With special permission from the director and taking advantage of a technical stop to install a new instrument, we are able to visit the interferometry instrumentation room and tunnel under the platform – a privilege granted to few. The final instrument that collects and analyses all of the light coming from the VLT telescopes, after more than 25 different reflections, is kept like a jewel in a glass box in the instrumentation room. Nobody can normally get this close to it, because even the turbulence generated by a human presence can disturb its high-precision work. Following the path of the light, we enter the interferometry tunnel. The dominant blue paint of the metal rails and the size of the tunnel trigger once again an inevitable sense of déjà vu. Three horizontal telescopes travel seamlessly on two sets of four 60 m-long rails – the “delay lines” where the different arrival times of photons on each of the telescopes is compensated for with ultra precision. These jewels of technology move continuously along the rails without electric contact, thanks to linear engines with coils interacting directly with the magnets in the engine; no cable is connected to the telescopes on the rails because the signals are transmitted by laser, and electricity is conveyed by the rails themselves to enable precision and smooth movement. The system is so precise that it can detect and automatically adapt to earthquakes, and measure the vibrations provoked in the mountain by the waves of the Pacific Ocean 12 km away. Nowhere else has interferometry reached such complexity and been pushed so far.

Delivering science at a high rate

The resolution obtained by the Very Large Telescope Interferometer (VLTI – the name given to the telescopes when they function in this mode) is equivalent to the resolution of a 100 m-diameter mirror. Moreover, the Auxiliary Telescopes are mounted on tracks, and can move over the entire telescope platform, enabling the VLTI to obtain an even better final resolution. The combined images of the 4+4 telescopes allow the same light collection capacity as a much larger individual mirror, therefore making the VLT the largest optical instrument in the world.
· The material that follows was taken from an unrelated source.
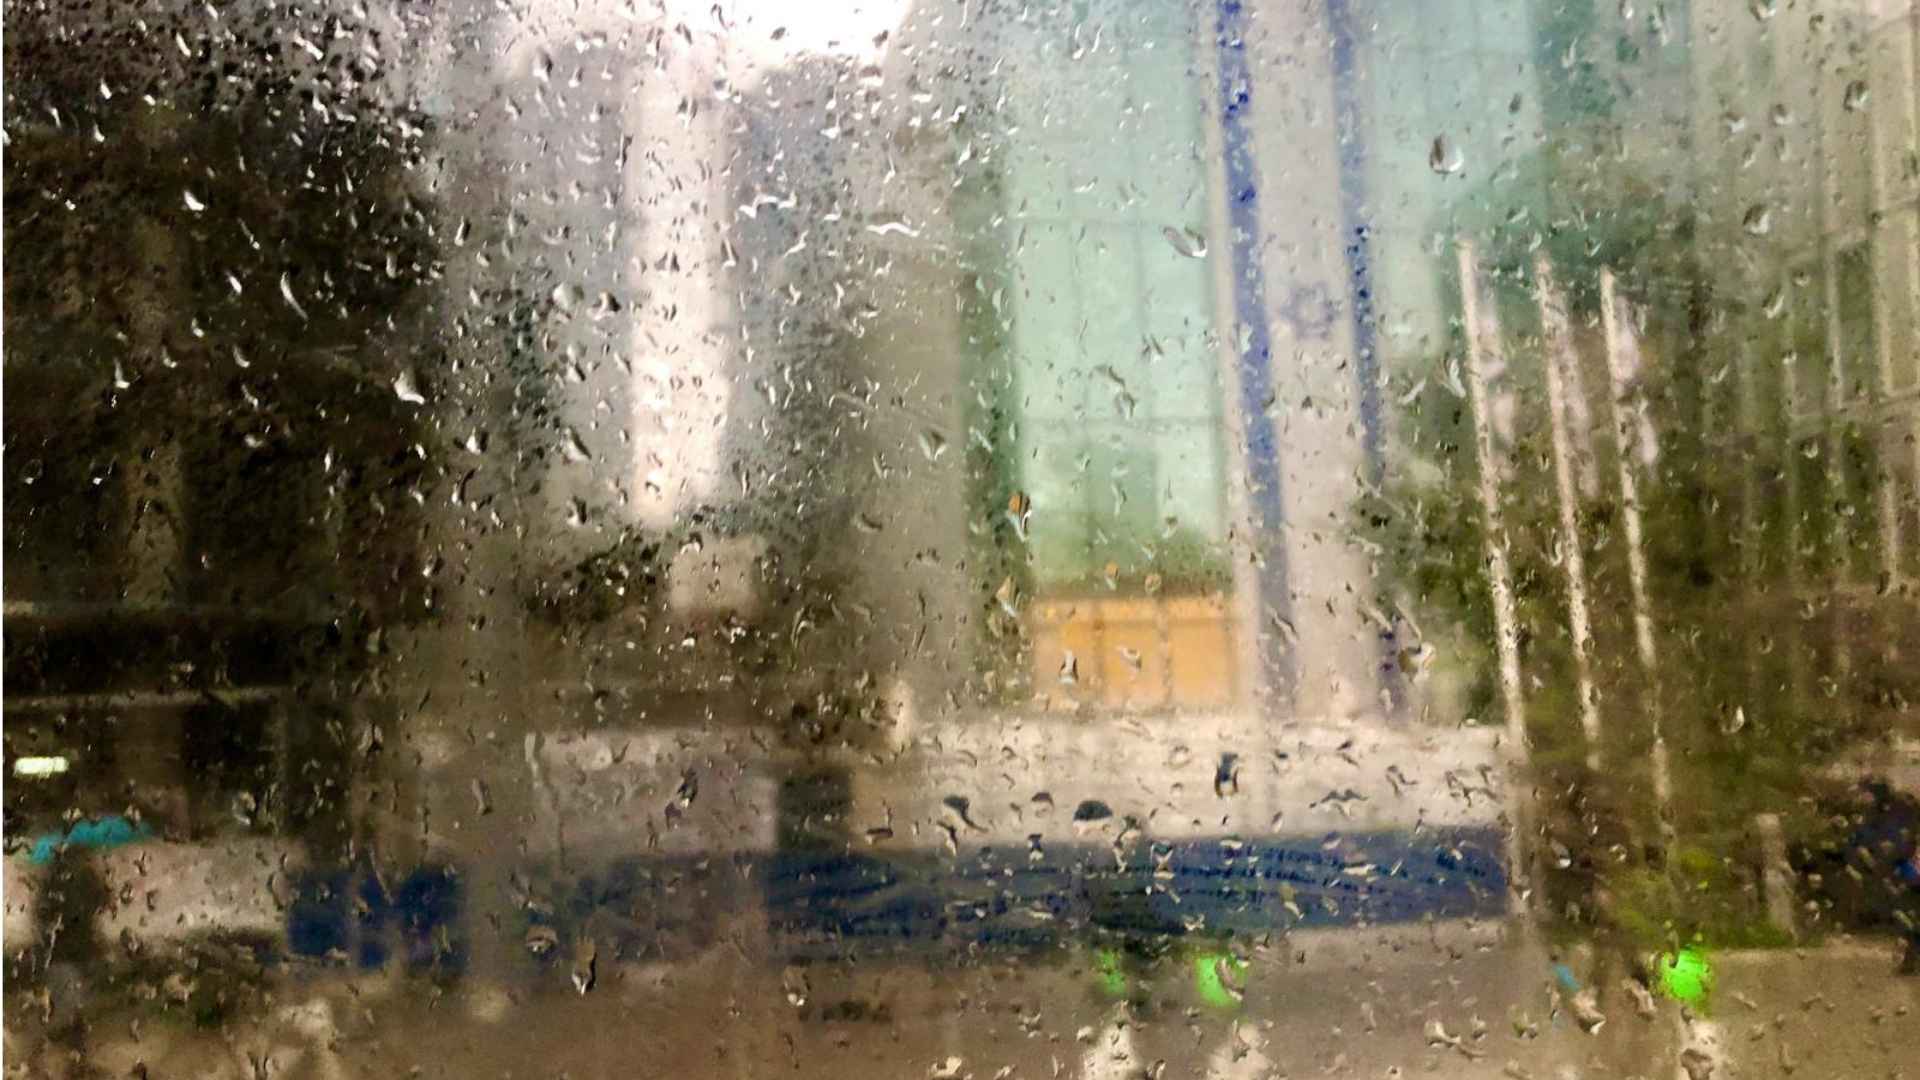 An Israeli flag on a building seen through a rain-covered window

Up to 15% of refereed science papers based on ESO data are authored by researchers not involved in the original data generation

Another revolution introduced by the VLT has to do with e-science. The amount of data generated by the new high-capacity VLT science instruments drove the development of end-to-end models in astronomy, introducing electronic proposal submission and service observing with processed and raw science and engineering data fed back to everyone involved. The expansion of the data links in Latin America enabled the use of high-speed internet connections spanning continents, and ESO has been able to link its observatories to the data grid. “ESO practises an open-access policy (with regulated, but limited propriety rights for science proposers) and holds public-survey data as well. Indeed, it functions as a virtual observatory on its own,” says Claus Madsen, senior counsellor for international relationships at ESO. Currently, up to 15% of refereed science papers based on ESO data are authored by researchers not involved in the original data generation (e.g. as proposers), and an additional 10% of the papers are partly based on archival data. Thanks also to this open-access policy, the VLT has become the most productive ground-based facility for astronomy operating at visible wavelengths, with only the Hubble Space Telescope generating more scientific papers.